COLLECTED DATA:
▼

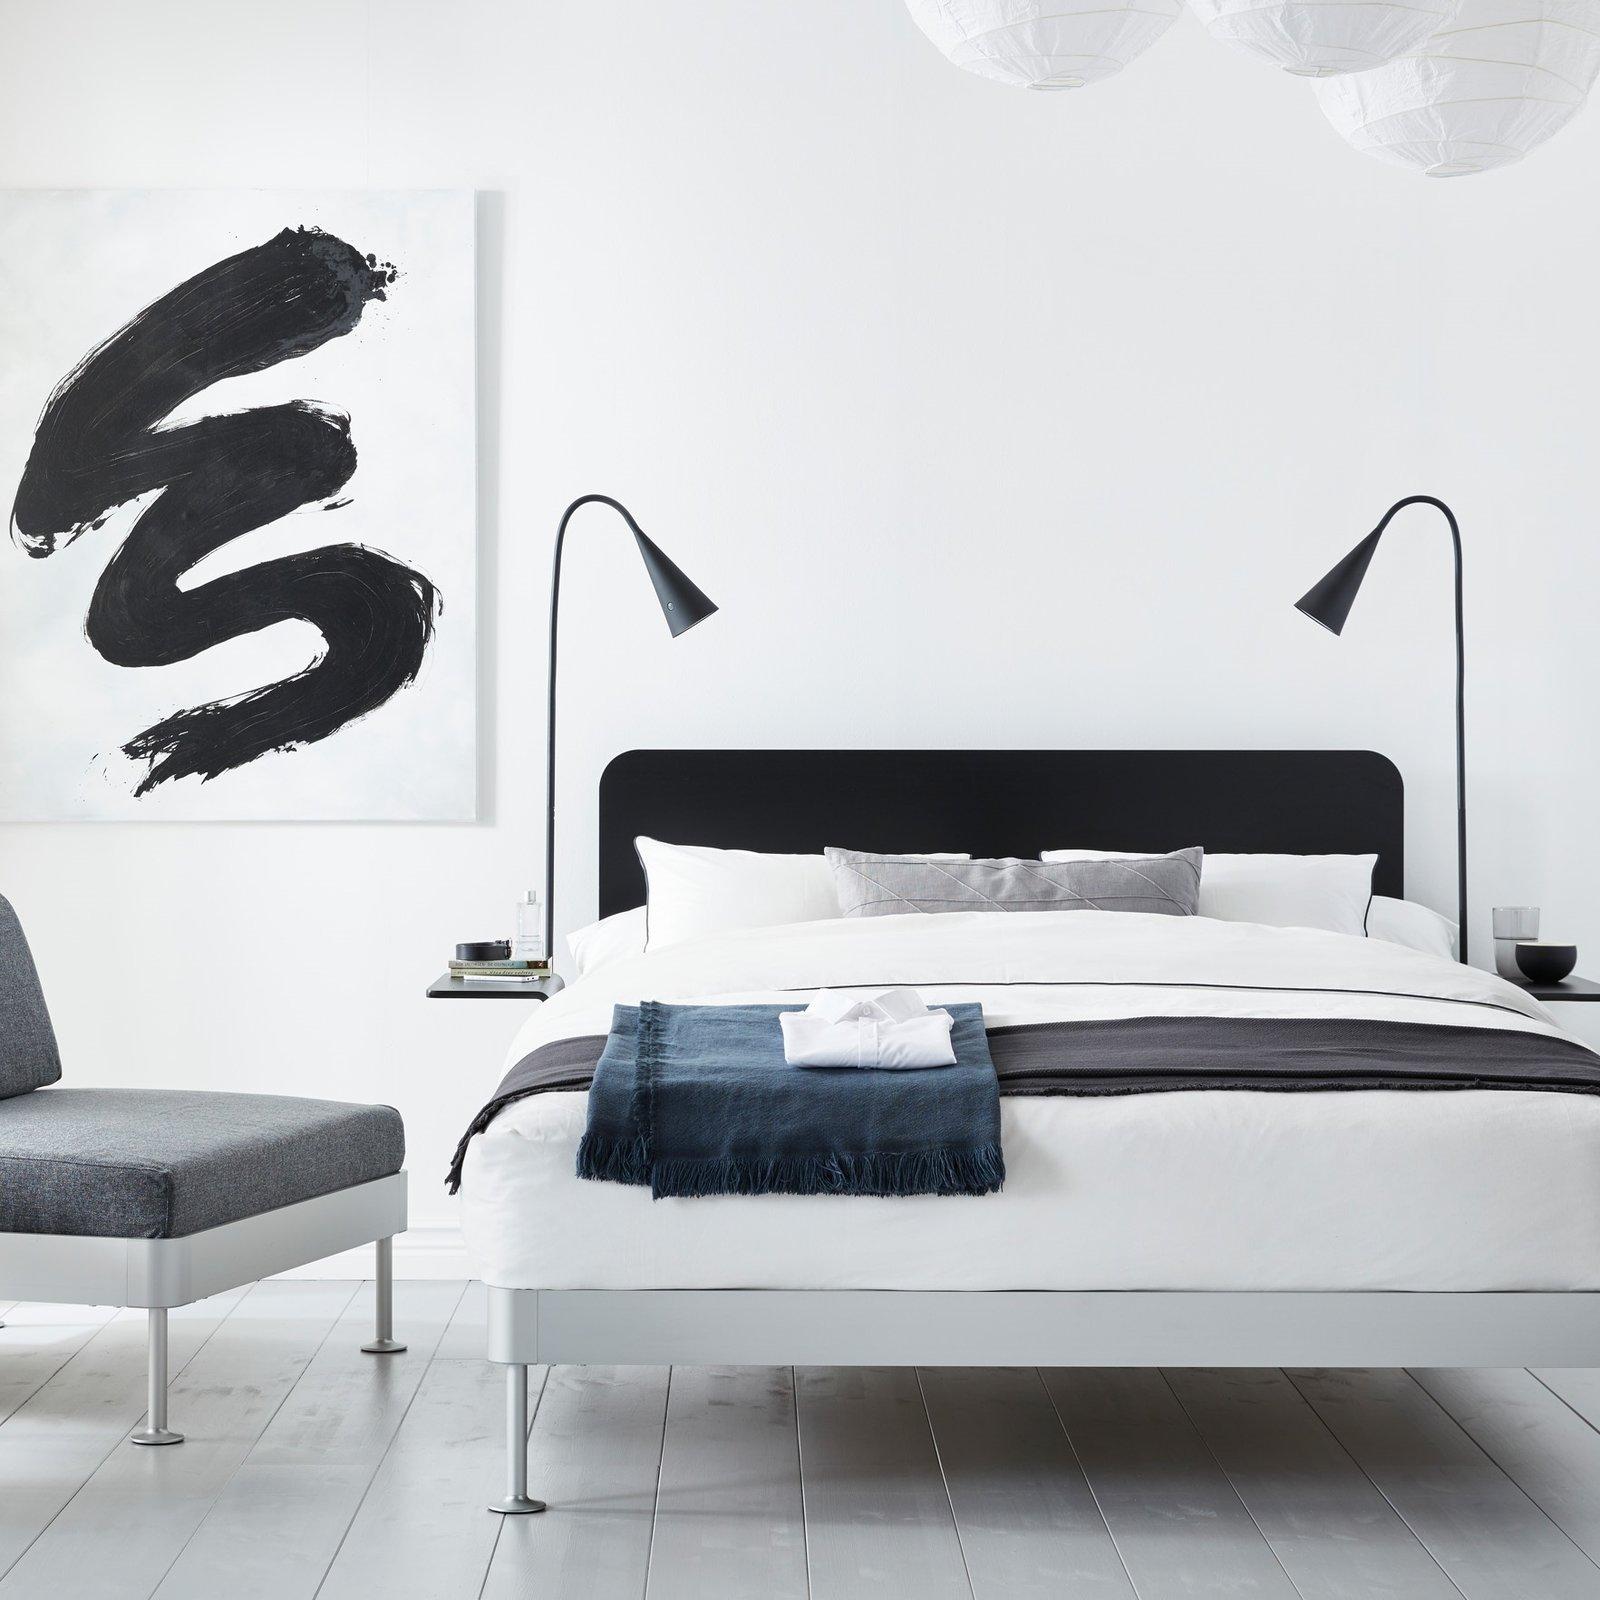 IKEA Delaktig Bed with black headboard
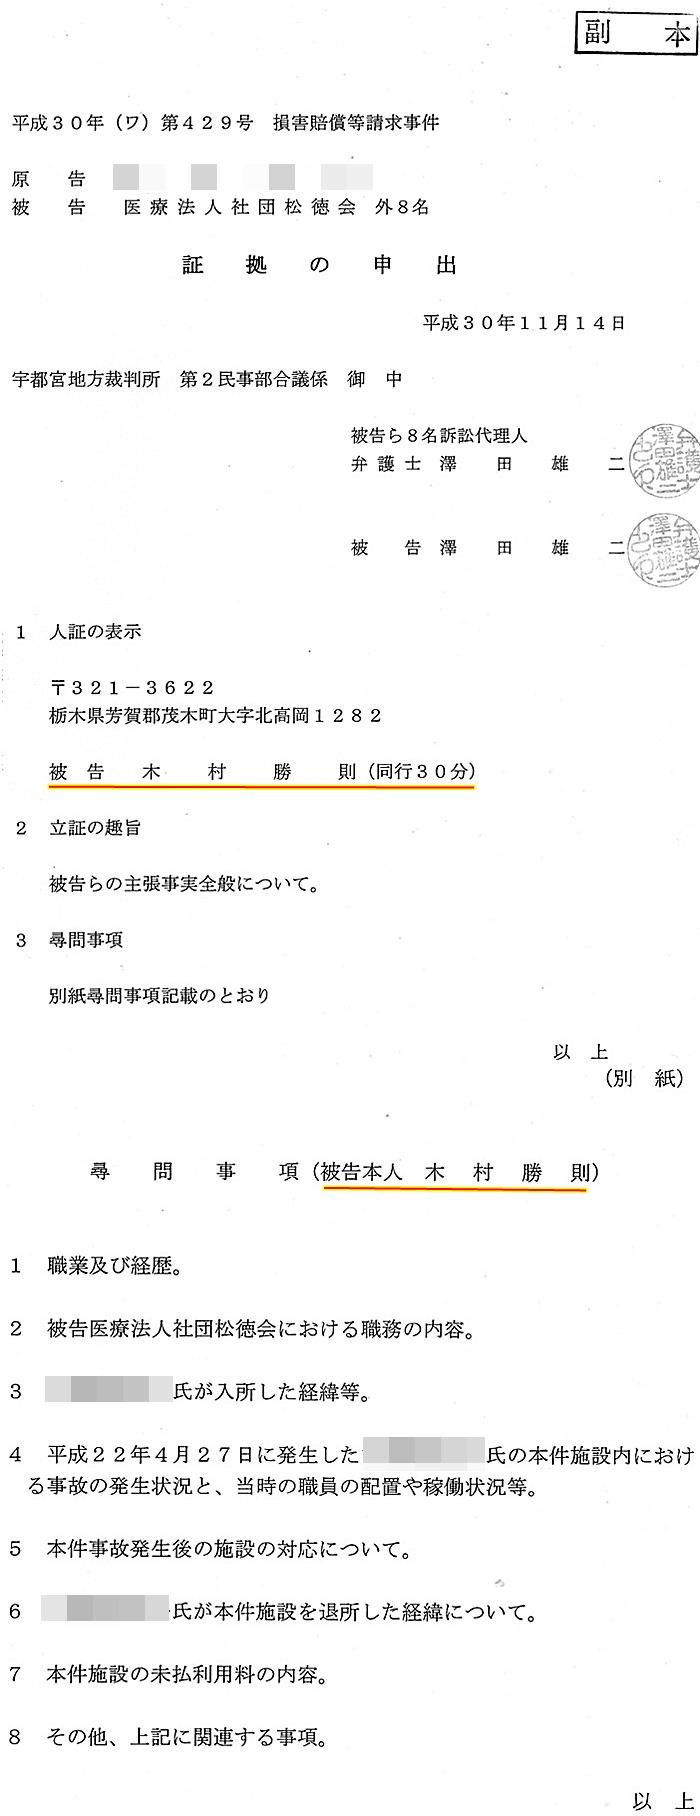 証人申請 被告松徳会 被告澤田雄二 被告木村勝則 もてぎの森うごうだ城
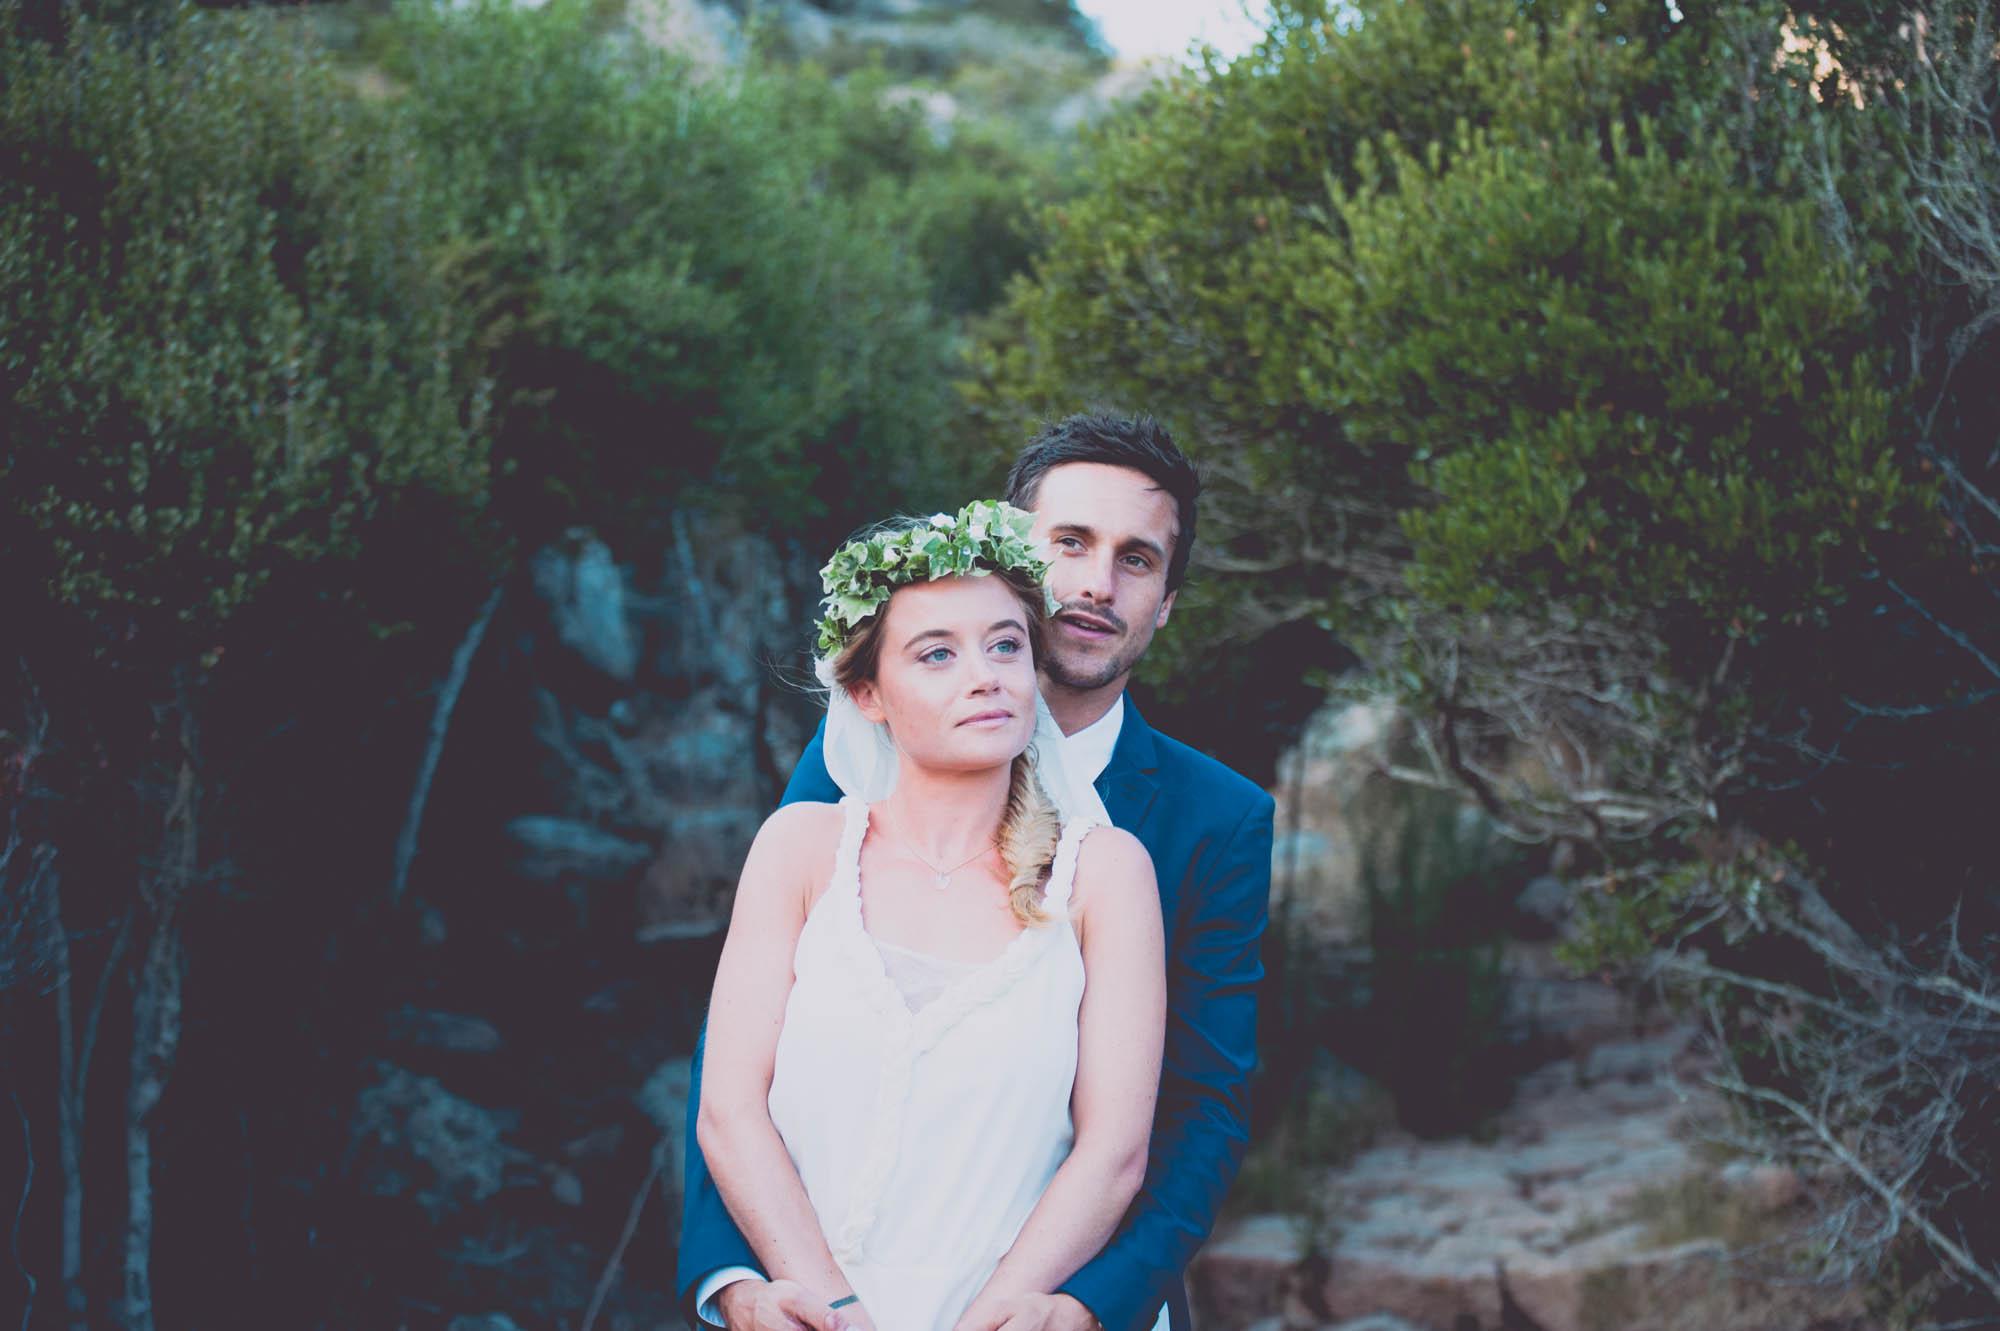 Photographe mariage bohème chic Corse Bonifacio - C et A (70)

▲

The response has to be an exact copy of all the data, pictures excluded.

 IKEA Delaktig Bed with black headboard
 証人申請 被告松徳会 被告澤田雄二 被告木村勝則 もてぎの森うごうだ城
 Photographe mariage bohème chic Corse Bonifacio - C et A (70)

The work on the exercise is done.